The New York Times reports: Head bowed in reverence, Robert Svec gently placed a bouquet of blood-red flowers at the foot of the only known statue of Jozef Tiso, Slovakia’s wartime fascist leader, in a weedy monument park known as the Pantheon of Slovak Historical Figures.

For years, Mr. Svec’s neo-fascist cultural organization, the Slovak Revival Movement, was a tiny fringe group. But now his crowds are growing, as 200 people recently gathered with him to celebrate the country’s fascist past and call fascist-era greetings — “Na Straz!” or “On the guard!” Mr. Svec is so emboldened that he is transforming his movement into a political party, with plans to run for Parliament.

“You are ours, and we will forever be yours,” Mr. Svec said at the foot of the statue, having declared this as the Year of Jozef Tiso, dedicated to rehabilitating the image of the former priest and Nazi collaborator, who was hanged as a war criminal in 1947.

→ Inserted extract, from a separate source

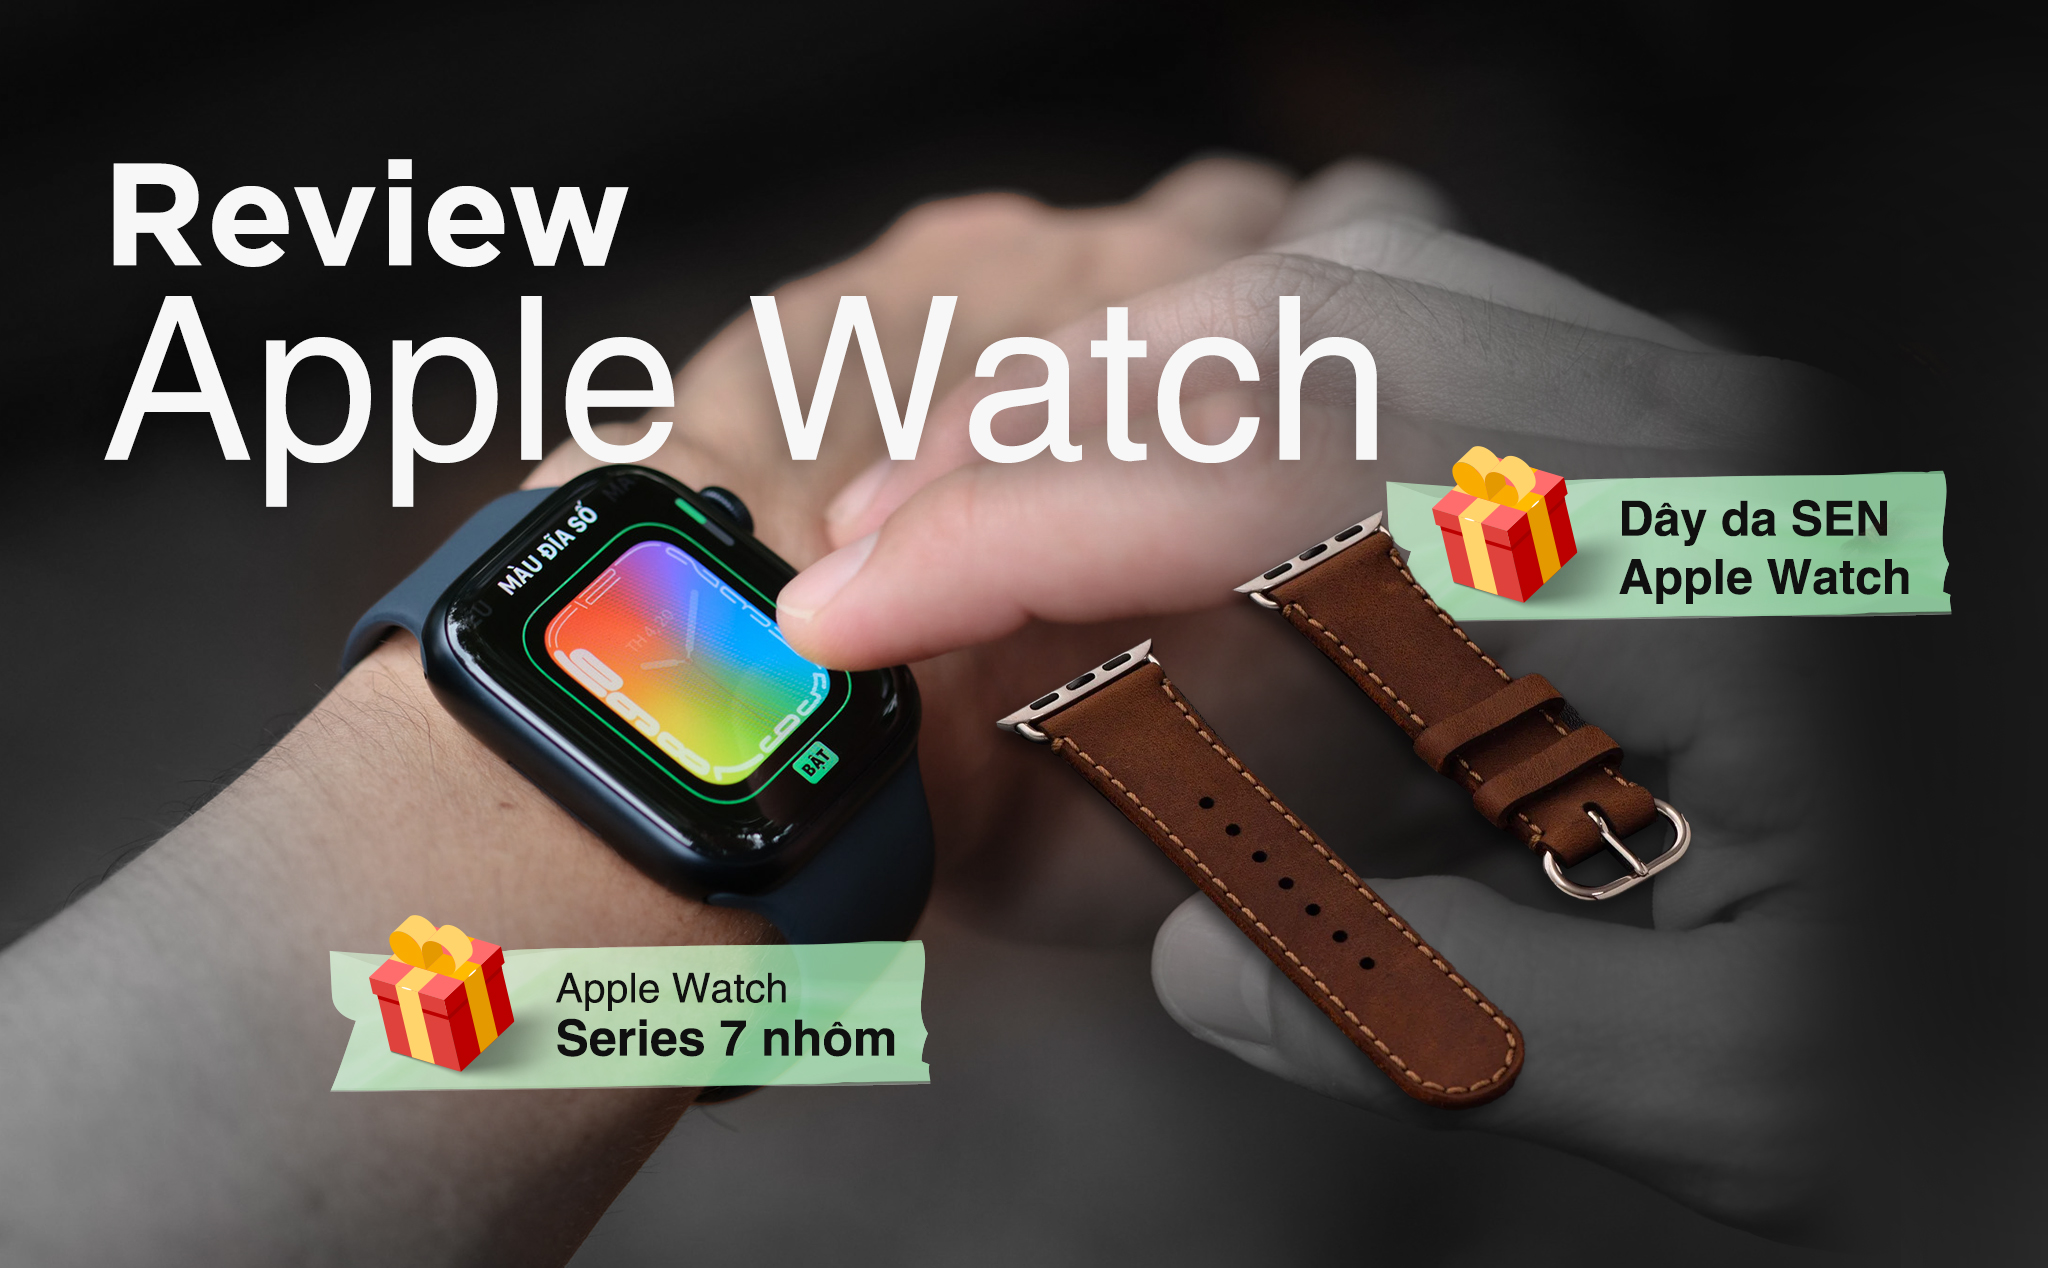 Mời anh em review Apple Watch trúng Apple Watch 7 và dây da SEN từ Khacten.com

Once in the shadows, Europe’s neo-fascists are stepping back out, more than three-quarters of a century after Nazi boots stormed through Central Europe, and two decades since a neo-Nazi resurgence of skinheads and white supremacists unsettled the transition to democracy. In Slovakia, neo-fascists are winning regional offices and taking seats in the multiparty Parliament they hope to replace with strongman rule. [Continue reading…]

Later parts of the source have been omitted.